What you will do:
The listing below is to be given again in full and word for word, without its images.

Data extract:
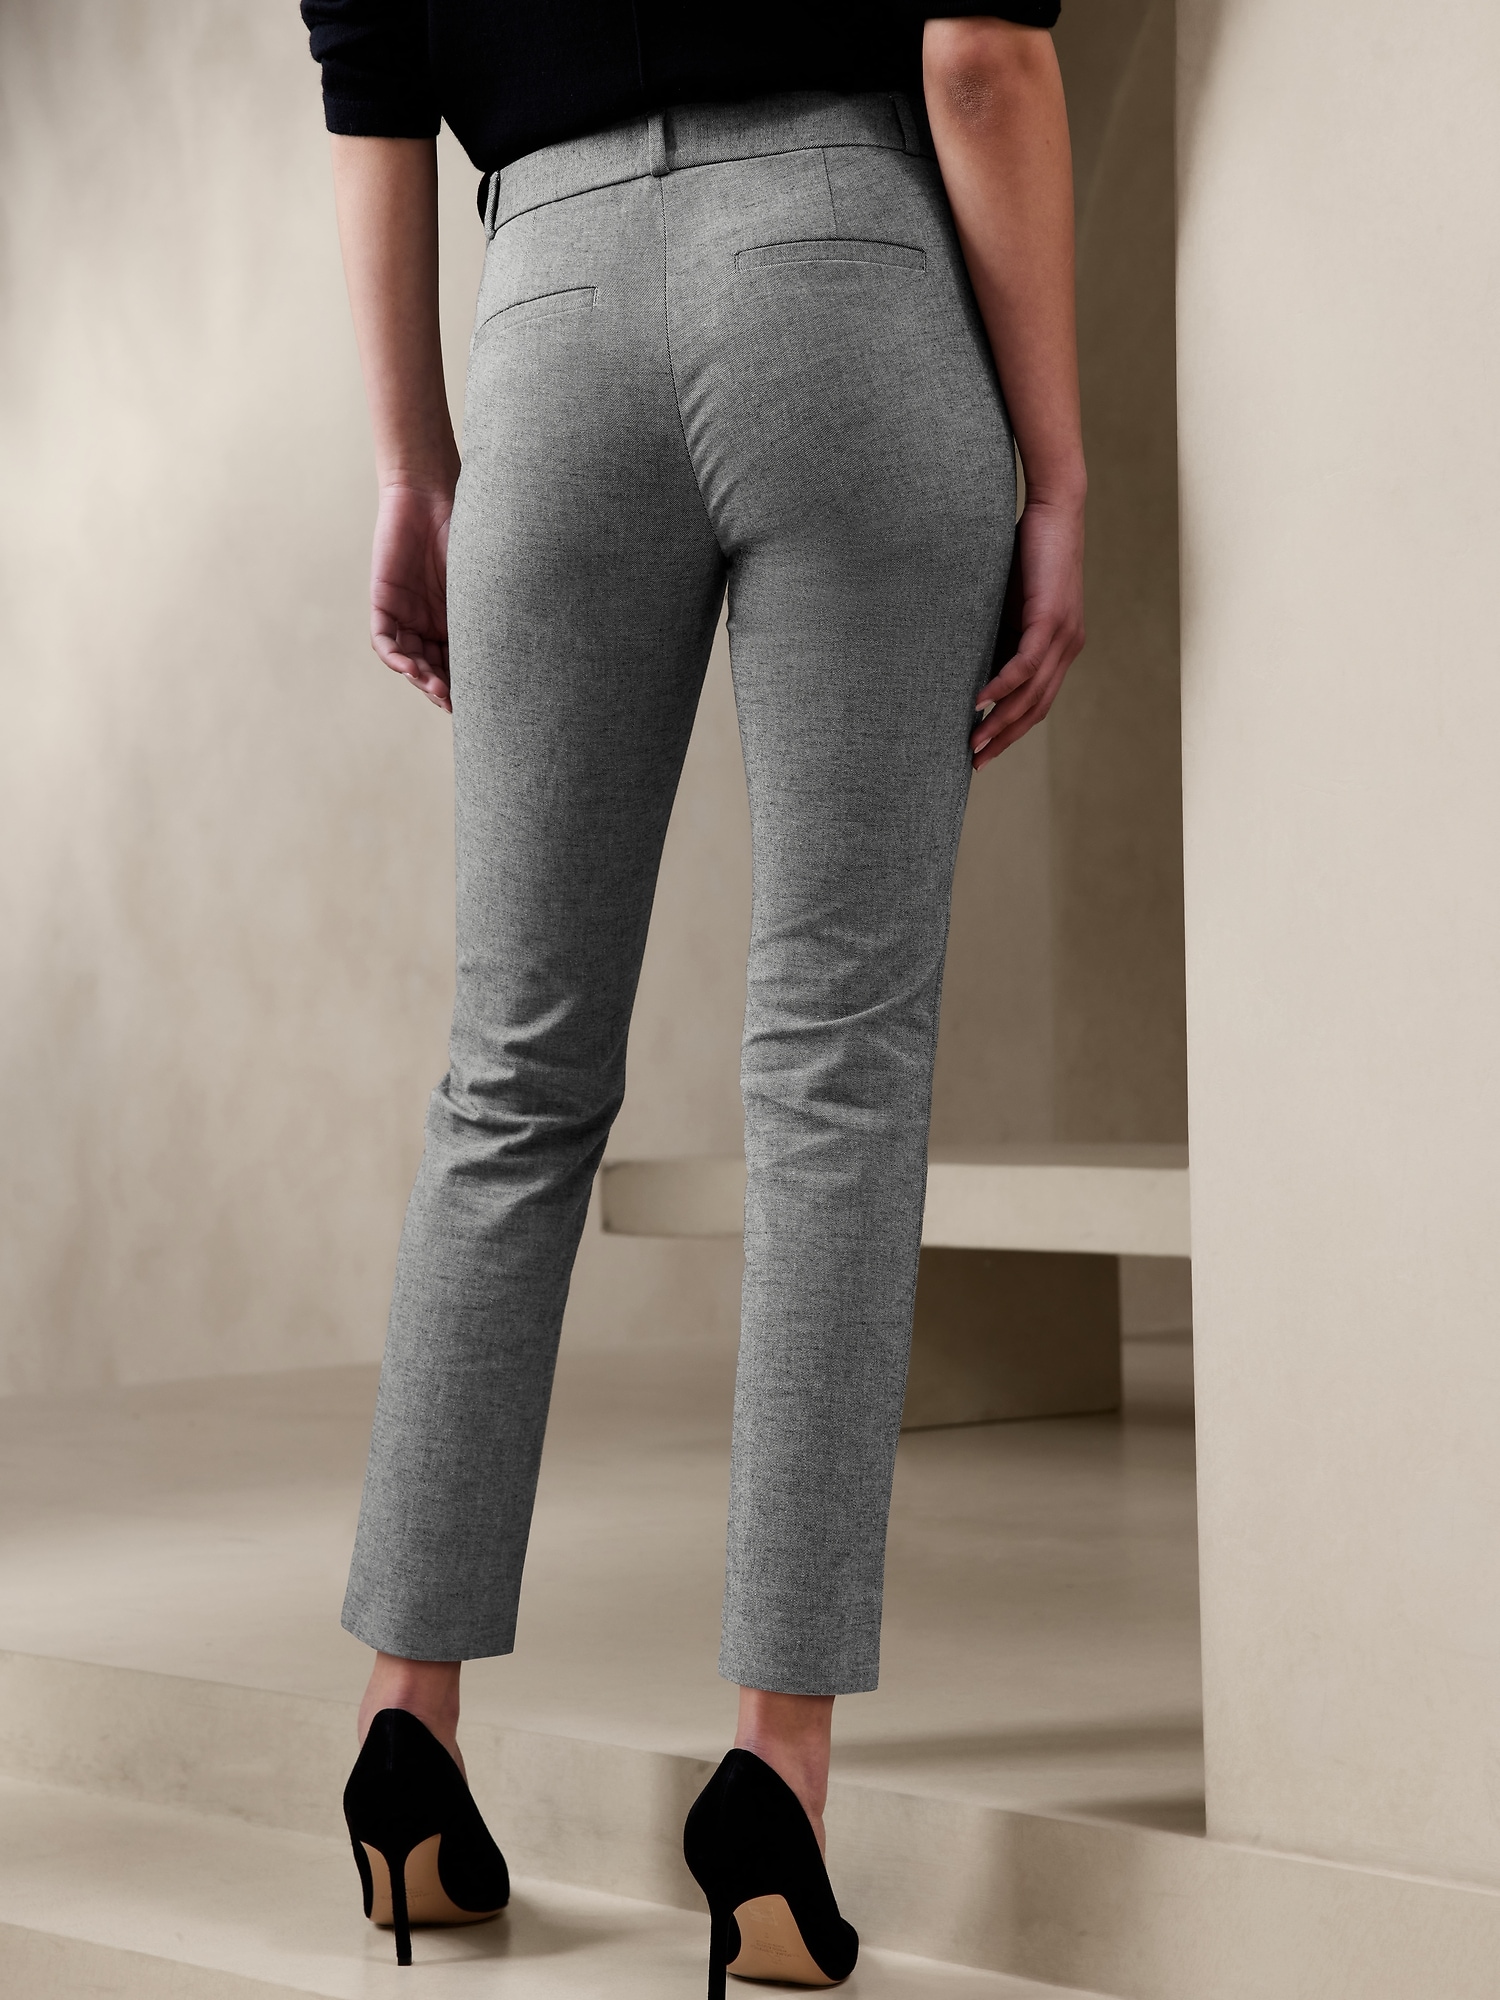 Franish: review: banana republic sloan pant versus the limited exact  stretch skinny pant
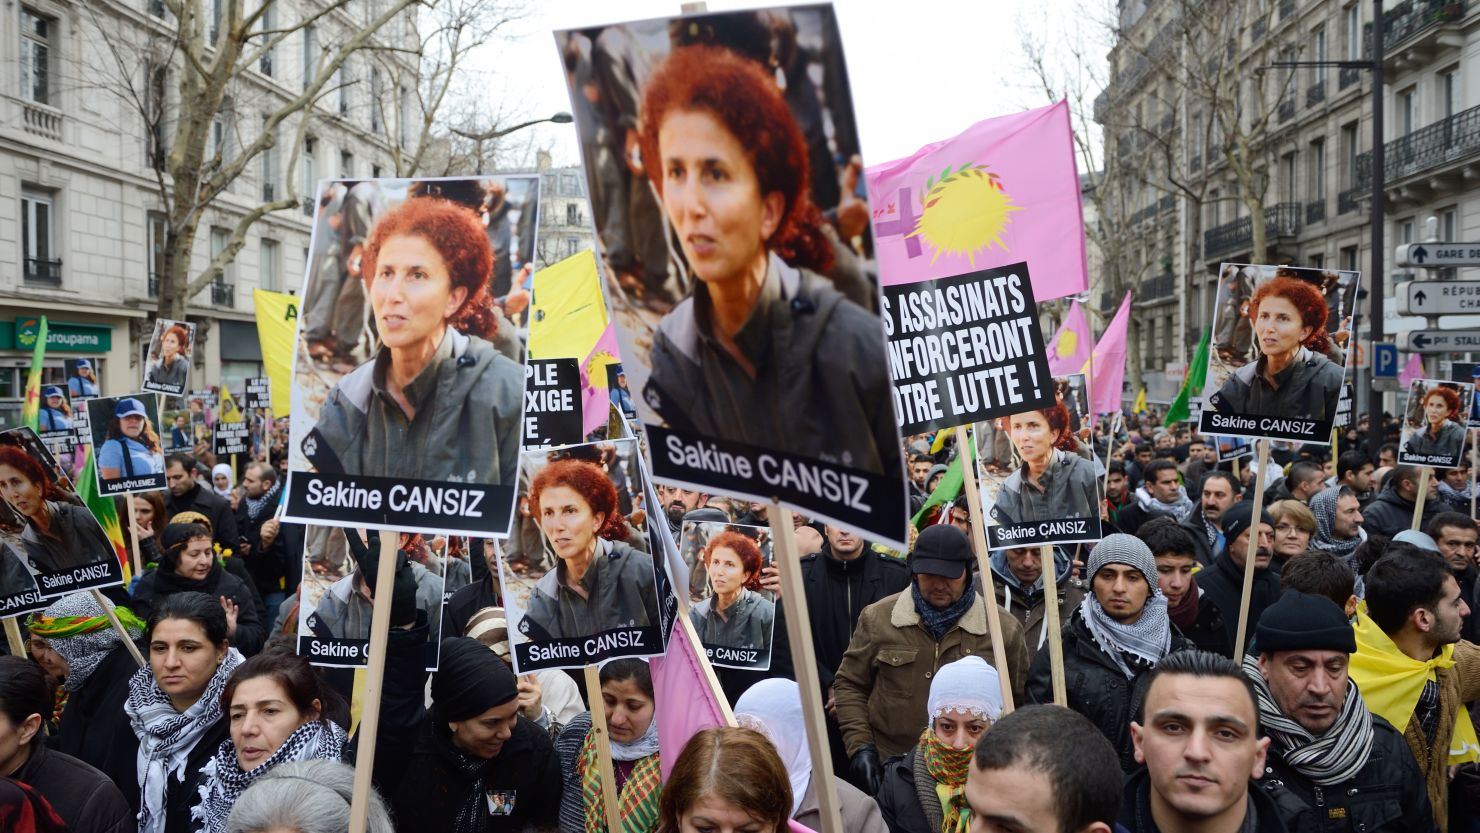 People hold posters of Sakine Cansiz, who was among three women found killed, during a demonstration Saturday in Paris.
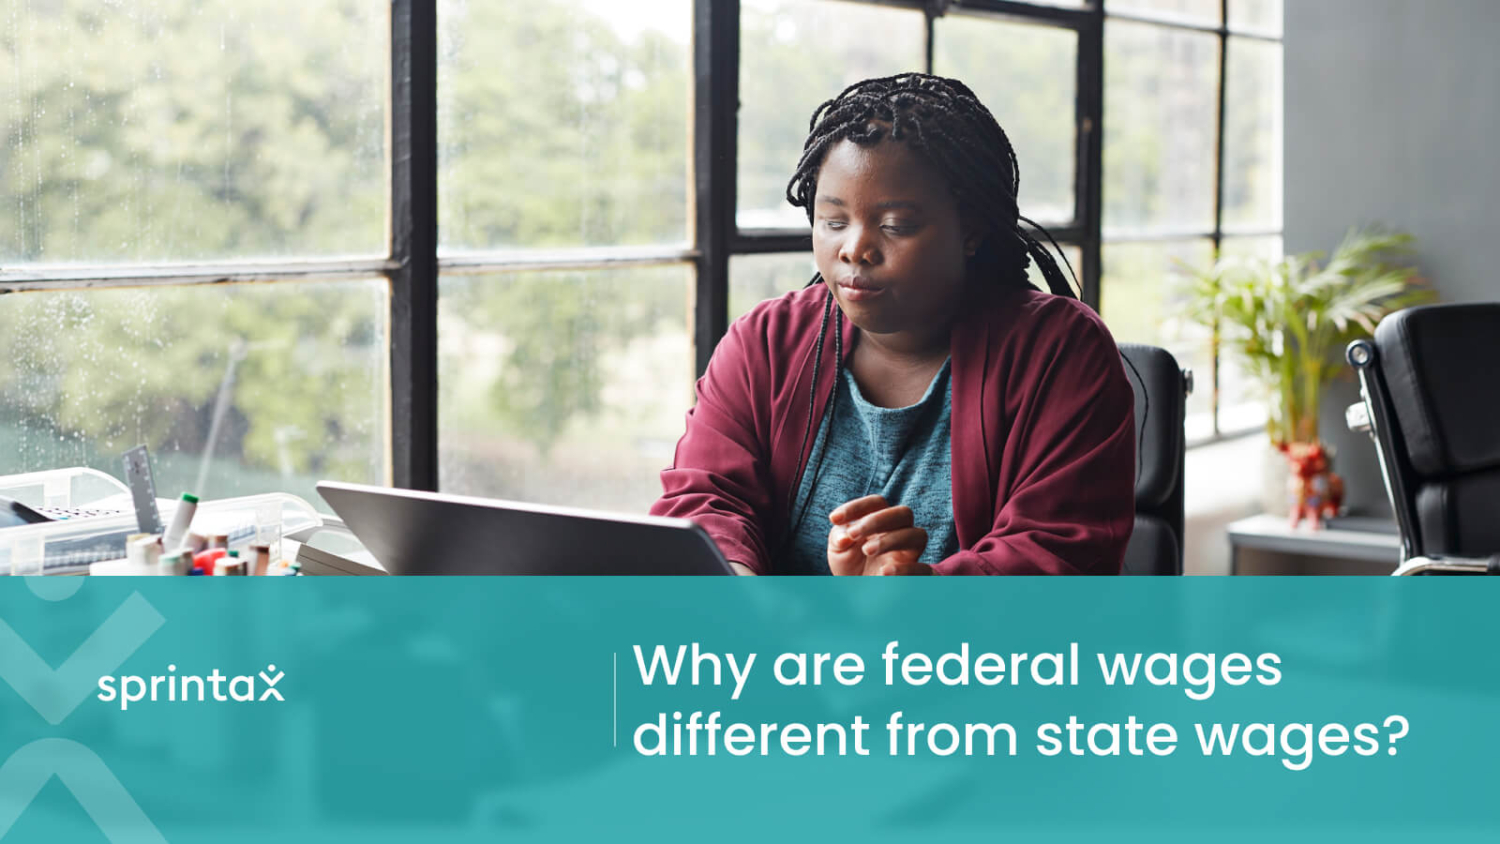 Federal wages differing from state wages

Response area:
 Franish: review: banana republic sloan pant versus the limited exact  stretch skinny pant
 People hold posters of Sakine Cansiz, who was among three women found killed, during a demonstration Saturday in Paris.
 Federal wages differing from state wages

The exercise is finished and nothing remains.